Self-Supervised Learning And Hybrid Deep Models For Predicting The Progression Of Fuchs' Endothelial Corneal Dystrophy To Endothelial Keratoplasty After Cataract Surgery
Published 2025 - 43rd Congress of the ESCRS
Reference: PP25.05 | Type: Free paper | DOI: 10.82333/byq2-jk18
Authors: Alexandros John Kanellopoulos* 1 , Anastasios John Kanellopoulos 2 , Despoina Karadimou 1 , Vasiliki Moustou 1 , Panagiota Petrakogianni 1
1Ophthalmology,Laservision ASU,Athens,Greece, 2Ophthalmology,Laservision ASU,Athens,Greece;Ophthalmology,NYU Med School,New York,United States
Purpose
To evaluate the effectiveness of a self-supervised learning paradigm as a pre-training mechanism for hybrid deep learning models that integrate clinically relevant corneal biomarkers based on Scheimpflug maps into Convolutional Neural Networks (CNNs). This approach aims to predict the risk of progression of Fuchs' endothelial corneal dystrophy (FECD) to endothelial keratoplasty following cataract surgery. Our method seeks to improve prognostic accuracy compared to a previously published logistic regression model based on Scheimpflug tomography maps.
Setting
A multicenter prospective study analyzing Scheimpflug-based tomography images from tertiary ophthalmology centers, focusing on patients with FECD scheduled for cataract surgery.
Methods
We developed a hybrid model that incorporates clinically relevant corneal biomarkers—pachymetry, elevation and densitometry maps—through novel processing layers. The model was trained and validated on a dataset of 240 eyes of patients with vision loss, FECD, and cataracts, who underwent a cataract surgery. To overcome data limitations, we introduced a novel self-supervised learning task using an additional longitudinal dataset comprising 254 patients, each with multiple tomography images collected over several sessions.
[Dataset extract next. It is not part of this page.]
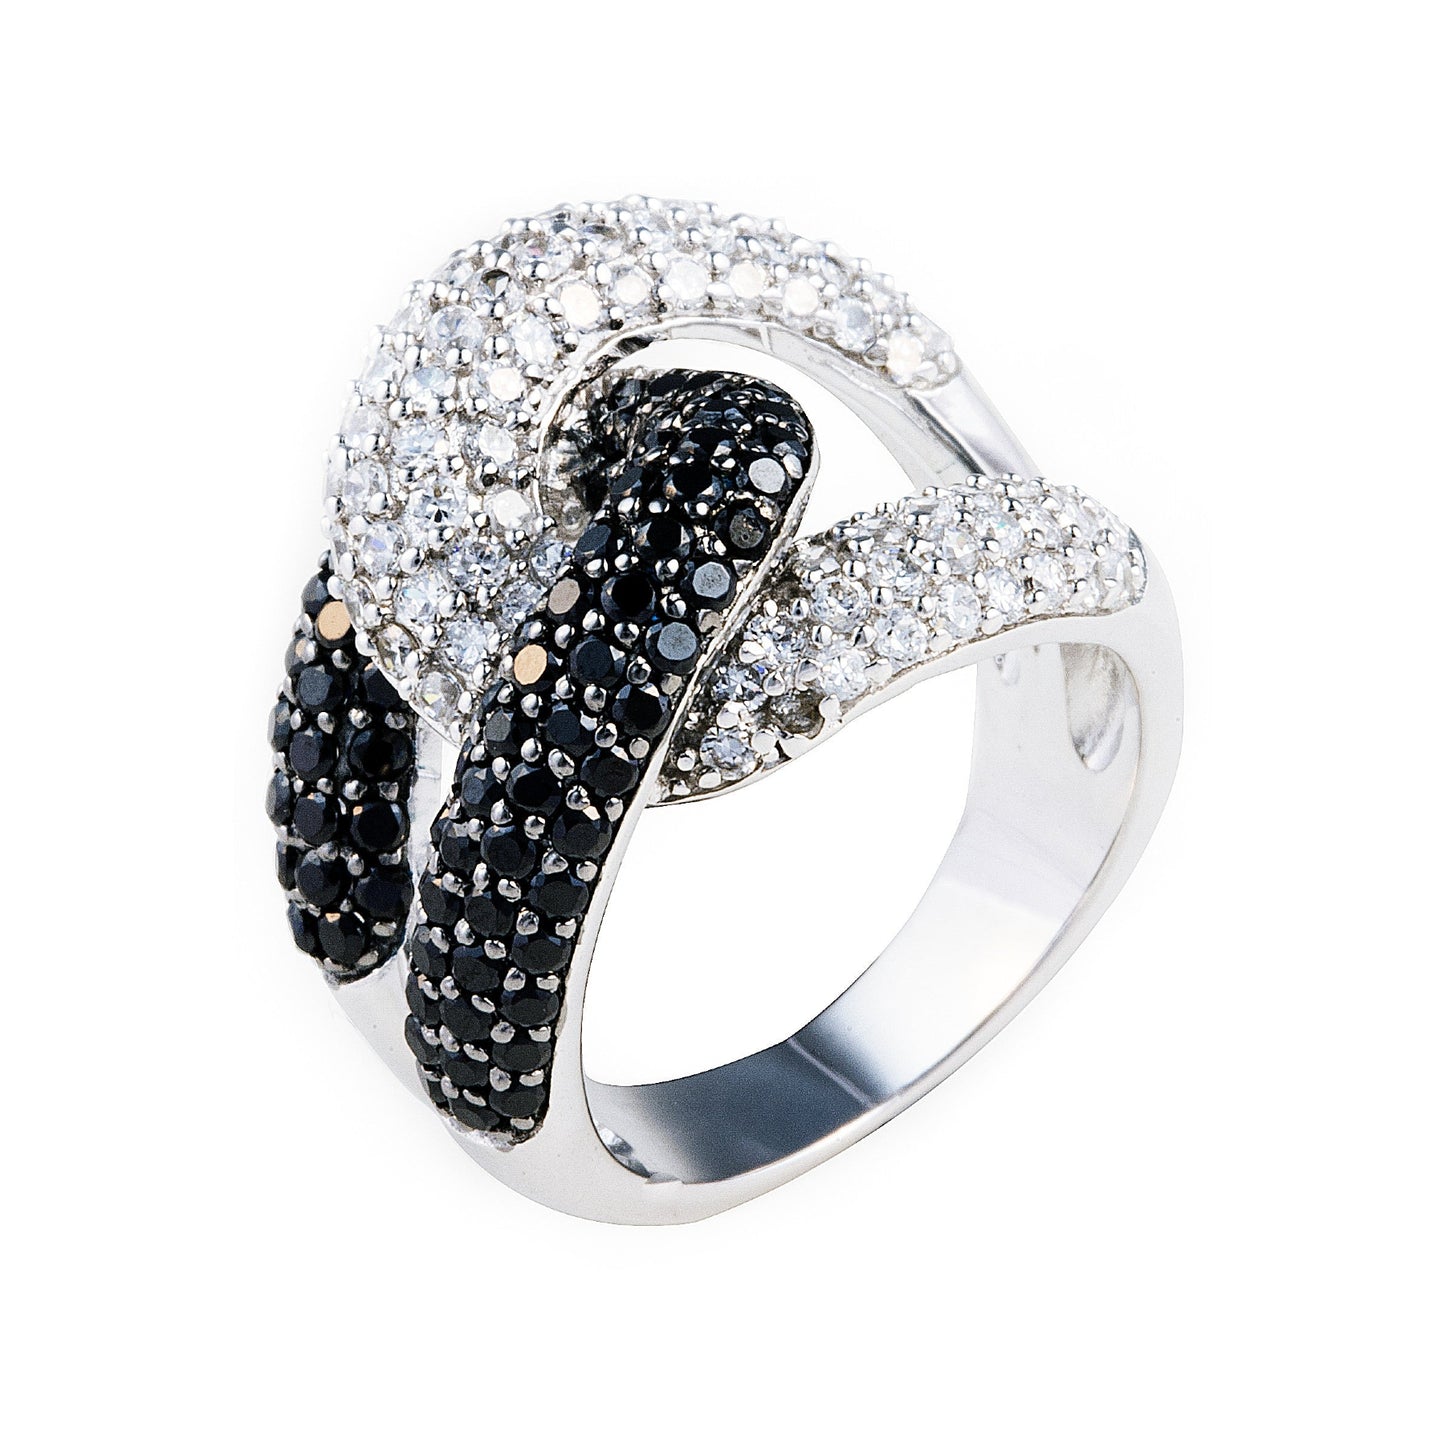 White Night Coco Ring is made of 925 sterling silver and features midnight black cubic zirconia stones entwined with clear/white cubic zirconia stones. Luxury jewellery by Bellagio & Co. Worldwide shipping

Model performance with and without pre-training through self-supervision was evaluated using the area under the receiver operating characteristic (ROC) curve (AUC), sensitivity, and specificity.
Results
The hybrid deep learning model pre-trained with self-supervision achieved an AUC of 0.9408, outperforming both the baseline model without pre-training (AUC = 0.9318) and the traditional logistic regression model (AUC = 0.9188). The proposed model demonstrated superior predictive ability for FECD progression to endothelial keratoplasty, significantly reducing false negatives compared to regression-based methods. Sensitivity and Specificity of this model was 90% and 85% respectively. This enhanced predictive capacity enables better risk stratification and more informed preoperative decision-making.
Conclusions
The combination of deep learning and clinically relevant corneal biomarkers markedly improves preoperative prognostic accuracy for FECD patients undergoing cataract surgery. Self-supervised learning proves to be a powerful approach when training data is limited. Our AI-driven model offers a valuable tool for identifying high-risk patients who may require endothelial keratoplasty, facilitating early surgical planning and optimizing visual outcomes. By improving sensitivity while maintaining clinically meaningful specificity, this approach supports better-informed surgical decisions in ophthalmology.